When six world renowned filmmakers – including Robert Redford and the late Austrian director Michael Glawogger – were asked to make short films for a television series about pioneering buildings of cultural influence, the results were never going to be boring. Cathedrals of Culture‘s six thirty minute shows – gathered here as one film – are nothing if not thought provoking.
The selection of some buildings chosen for inclusion seems odd. One can appreciate the presence of The Pompidou Centre – Paris’ famous hub for the arts, co-designed by the 1970s architectural enfant terrible Richard Rogers. But that of Norway’s Halden Prison may seem a little more obscure. Undoubtedly a beautiful building – with the air of a futuristic, if stark, hotel, when compared with the bleakness of your standard prison – it has to be questioned whether this really qualifies it as a cultural centre?
Questions also arise as to why, with so many inspiring buildings out there, they included two musical centres – Germany’s Berlin Philharmonic building and the Opera House in Oslo, Norway – as well as two from Norway?
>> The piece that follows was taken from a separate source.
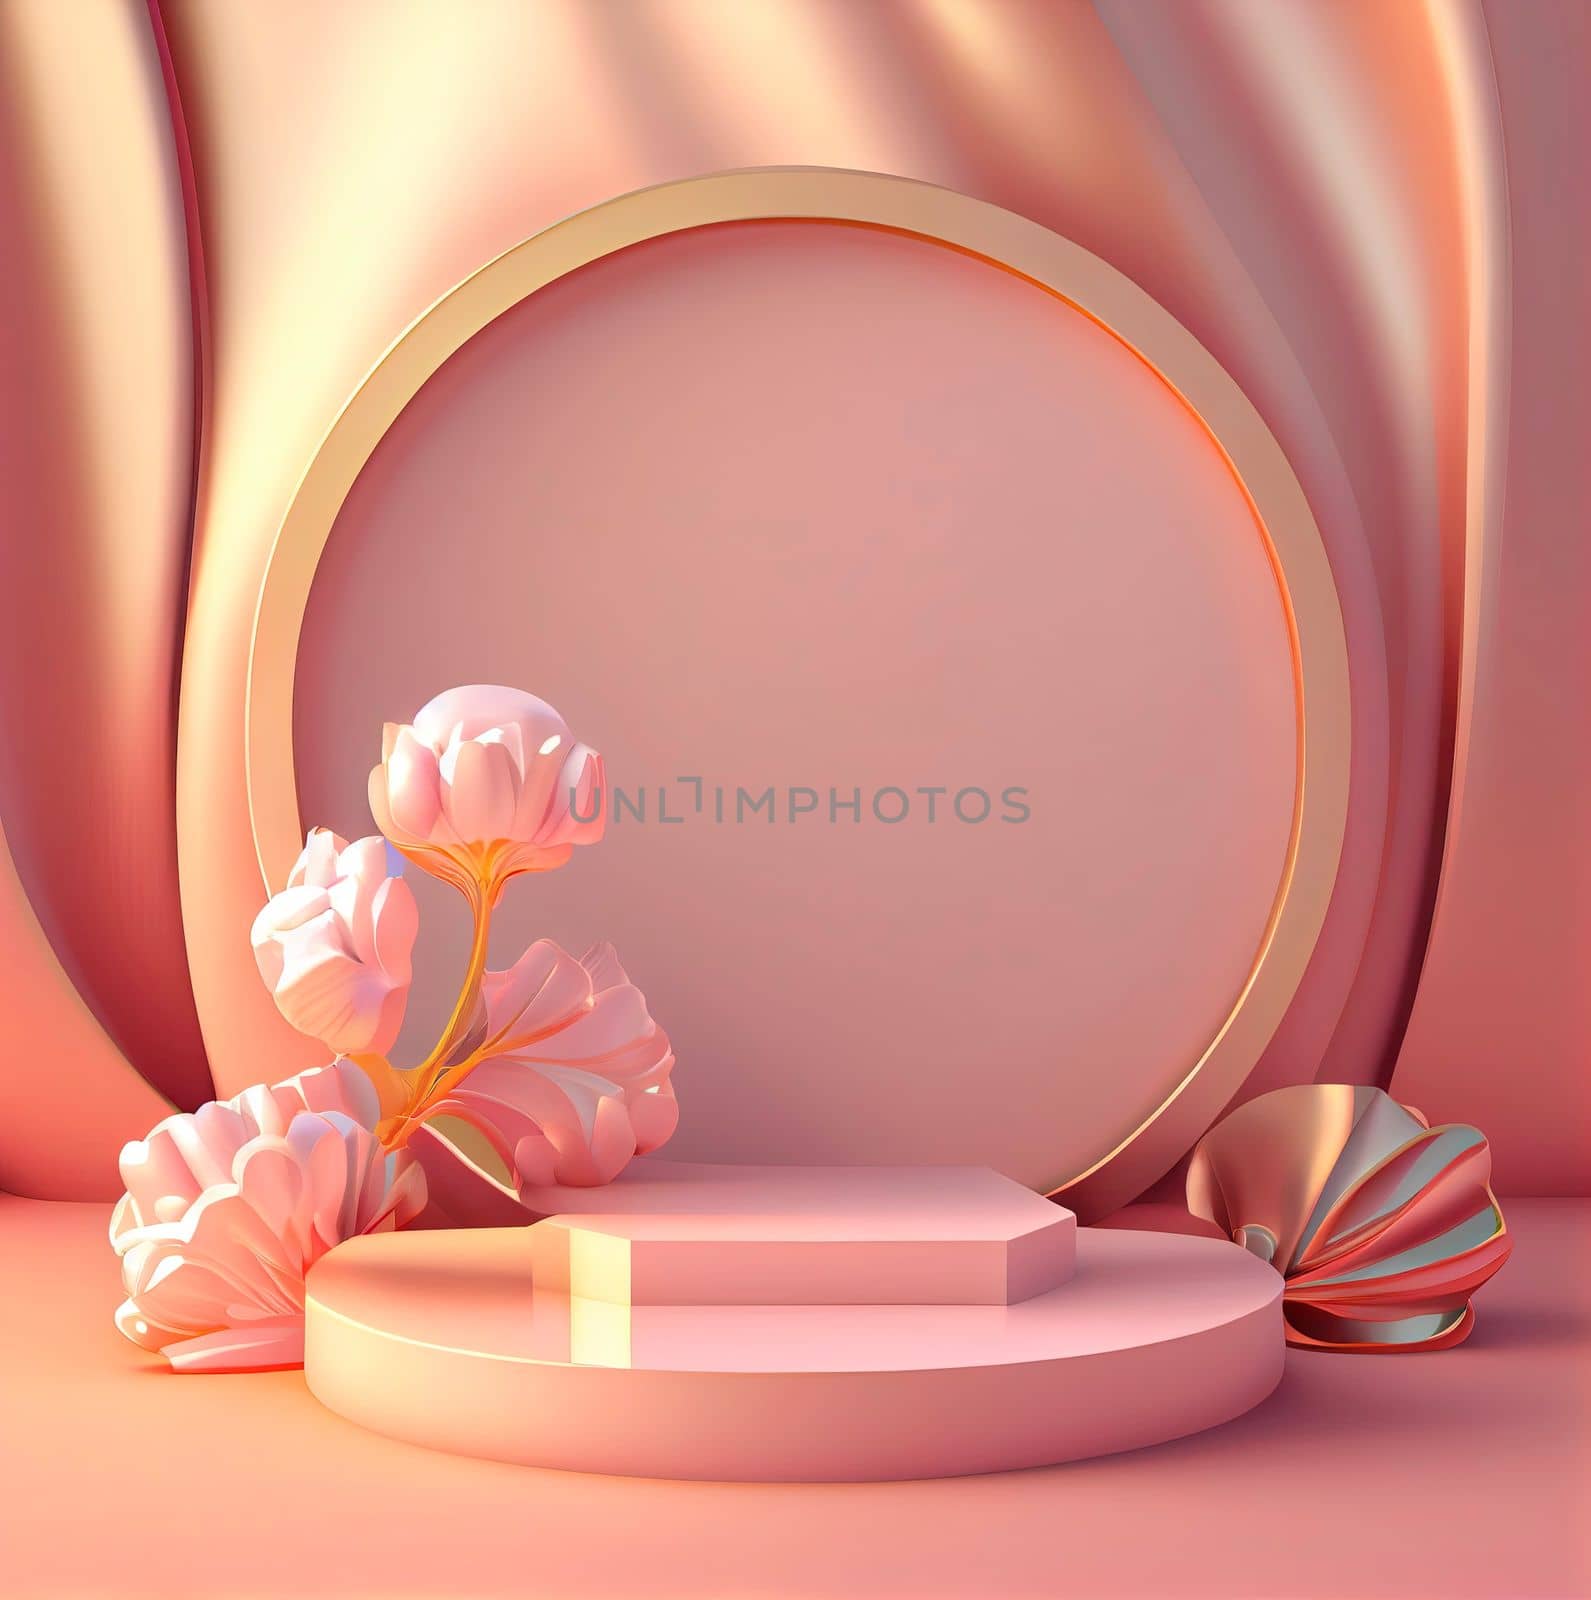 Luxury background with pink podium element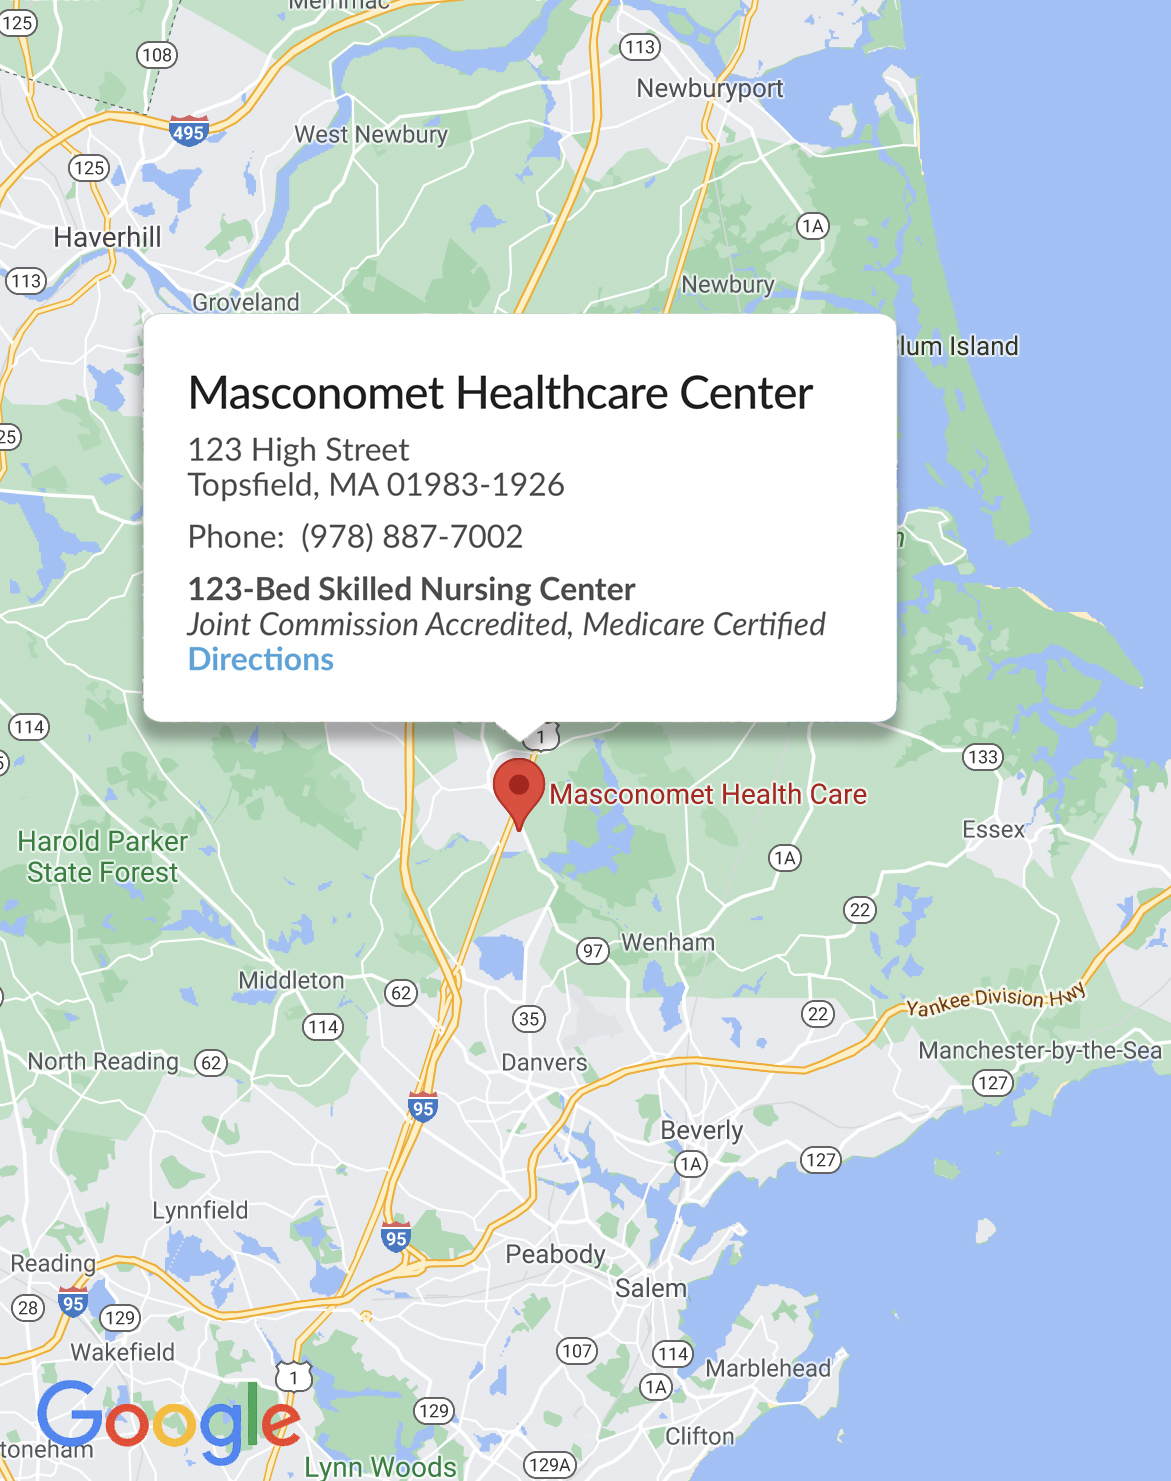 Skilled Nursing Facility, Masconomet Healthcare Center Topsfield, MA

How about the British Museum’s Great Court representing England – a country which has produced more than its fair share of culturally iconic edifices, but which isn’t mentioned here. That said those which are, are indeed mesmerising and undoubtedly socially influential. Russia’s National Library in St Petersburg – though dilapidated when compared with the other pristine buildings included – has a pre Cold War archaic’ness, lending its dim corridors and miles of shelving crammed with dusty tomes, a romantic and bohemian charm perfectly suited to housing works of literature and academia.
Viewing art can be problematic. Anything more than half an hour in a gallery and you can be ‘blinded’ by what’s on display: you may continue to take in the experience as a whole, but start failing to focus on individual pieces. The same goes for watching Cathedrals of Culture. The various segments when seen individually are mesmerising – the hypnotic images of the buildings, their interiors and the people and things which inhabit them are engrossing if watched briefly for half an hour. Viewing them altogether however, results in a sensation akin to sensory overload.
Cathedrals of Culture is a wonderfully luxurious treat. But, like a piece of rich gateaux, it should be sampled one slice at a time in order to truly appreciate the beauty of its individual ingredients.